Missouri Botanical Garden Open Conference Systems, TDWG 2016 ANNUAL CONFERENCE

Font Size: 
Clustering botanical collections data with a minimised set of features drawn from aggregated specimen data
Nicky Nicolson, Allan Tucker

Building: CTEC
Room: Auditorium
Date: 2016-12-07 04:00 PM – 04:15 PM
Last modified: 2016-10-15


[Current state of play] Numerous digitisation and data aggregation efforts are mobilising botanical specimen data. Although digitisation is not yet complete, it is likely that we now have a critical mass of data available from which we can determine patterns.

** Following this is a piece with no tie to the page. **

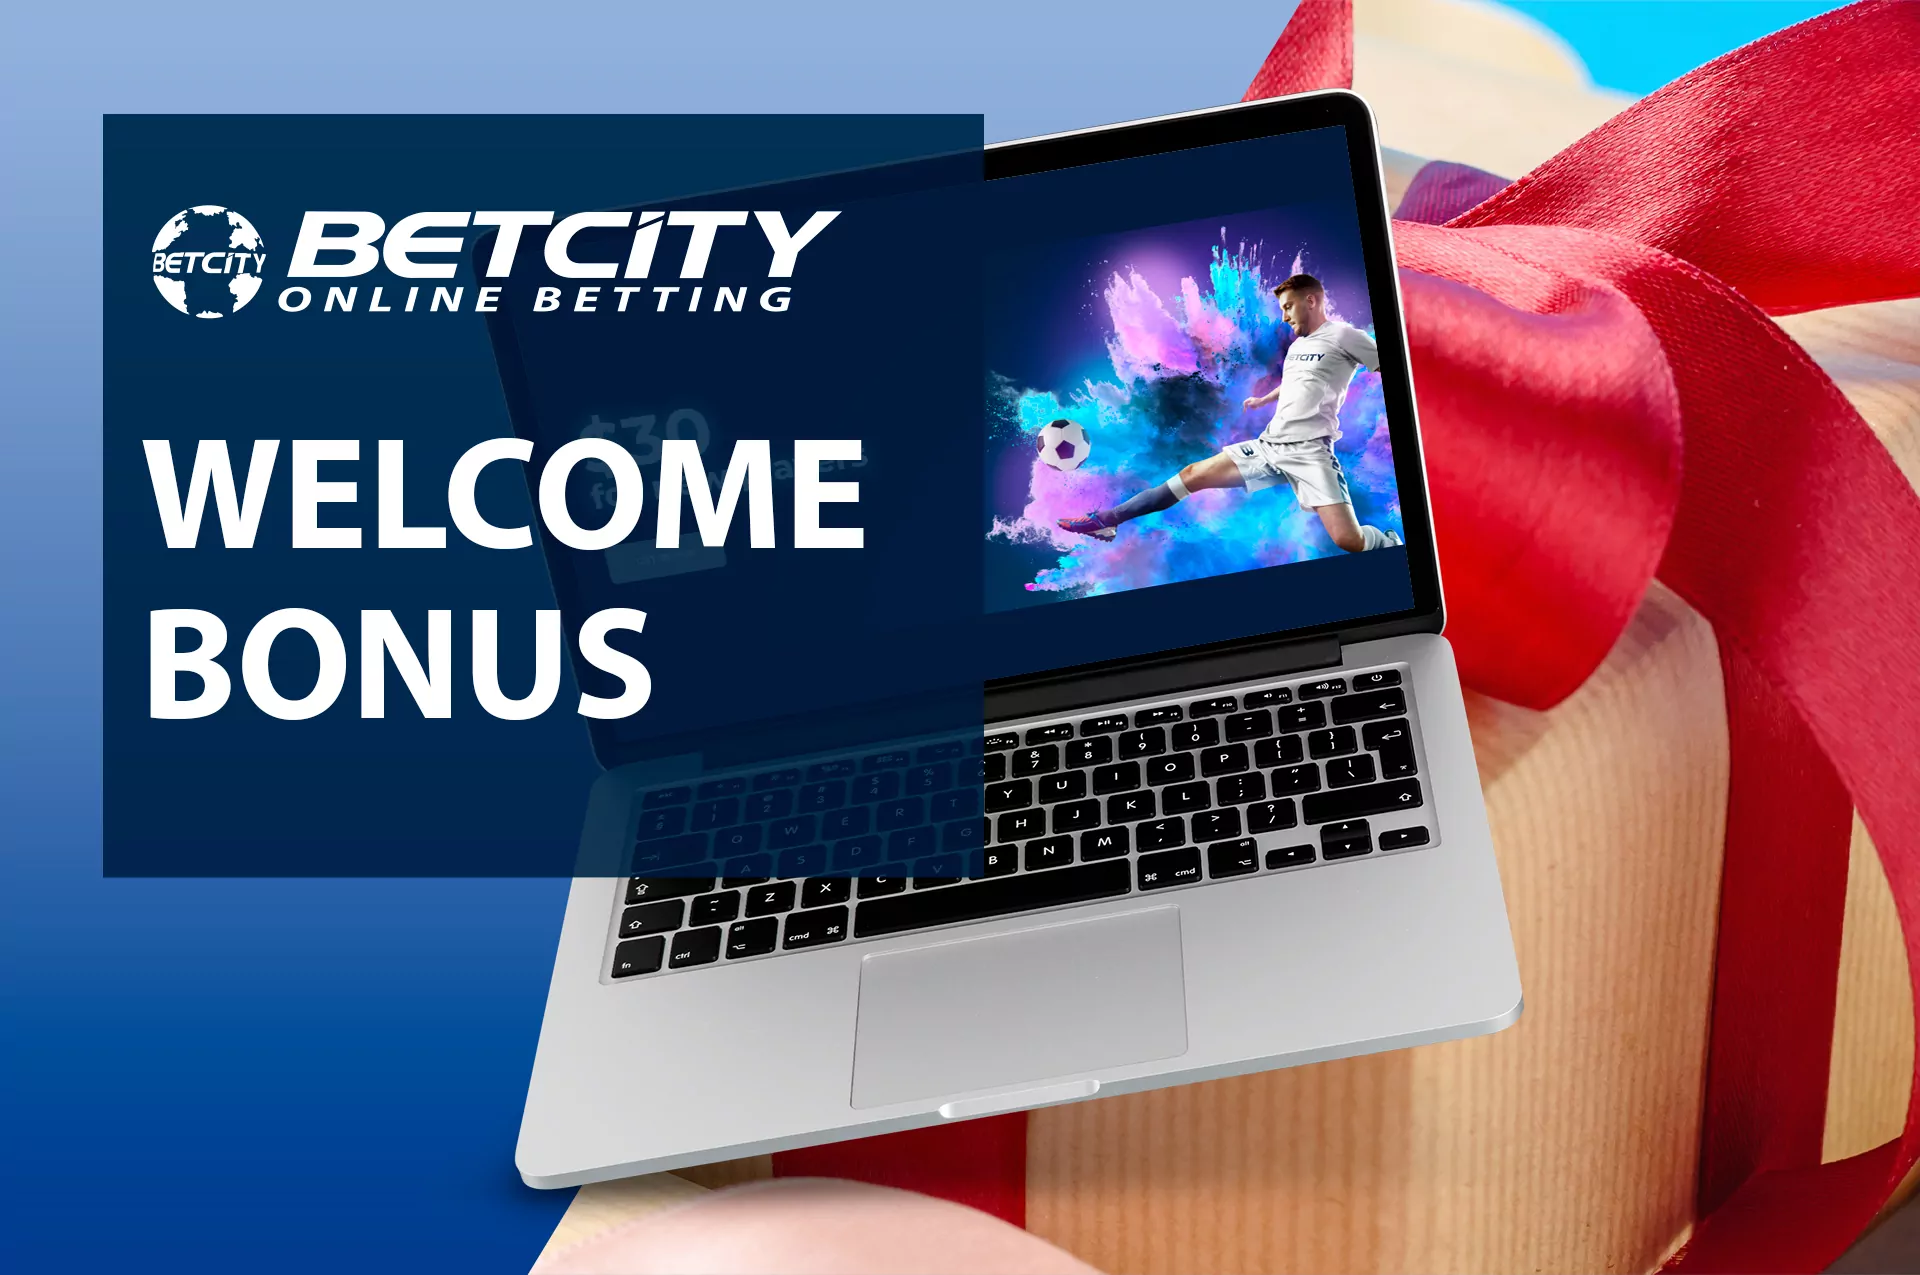 Get your welcome bonus from Betcity right after the first deposit.

[Problem] We know that many duplicate specimens exist, shared between separate botanical collections: these are digitised and transcribed in different herbaria and are yet to be comprehensively linked. Parallel digitisation efforts mean that the transcription of label data also happens in parallel, this results in some critical data fields (such as collector name) being much too variable to be easily used to resolve duplicates. Although not explicitly managed, we have the concept of a collecting trip (a sequence of collections from a particular individual or team). This research aims to uncover this implicit trip data from the aggregated whole. Once we have identified a collecting trip, we should be able to more easily resolve duplicates by cross linking on the trip identifier, along with the record number and date - i.e. avoiding the transcription variations that we often see in the collector field.

[Method and input data] This talk will show the output of a clustering analysis run in Python using the machine learning library scikit-learn. The data analysed were drawn from aggregated botanical specimen data accessed via the GBIF portal. Input to the analysis was optimised to use numeric features wherever possible (collection date and record number) along with minimal textual features extracted from the collector team.

[Results] The outputs of this clustering analysis will be used in a research context - to identify different kinds of collector trip – but also have immediate practical applications in data management: to identify duplicate specimens between herbaria, and to identify outliers and label transcription errors. Examples of each of these kinds of outliers will be shown. Numbers of geo-references which can be shared between institutions will also be included. Other applications of this clustering technique within problem domains relevant to biodiversity informatics (e.g. bibliographic reference management) will also be discussed.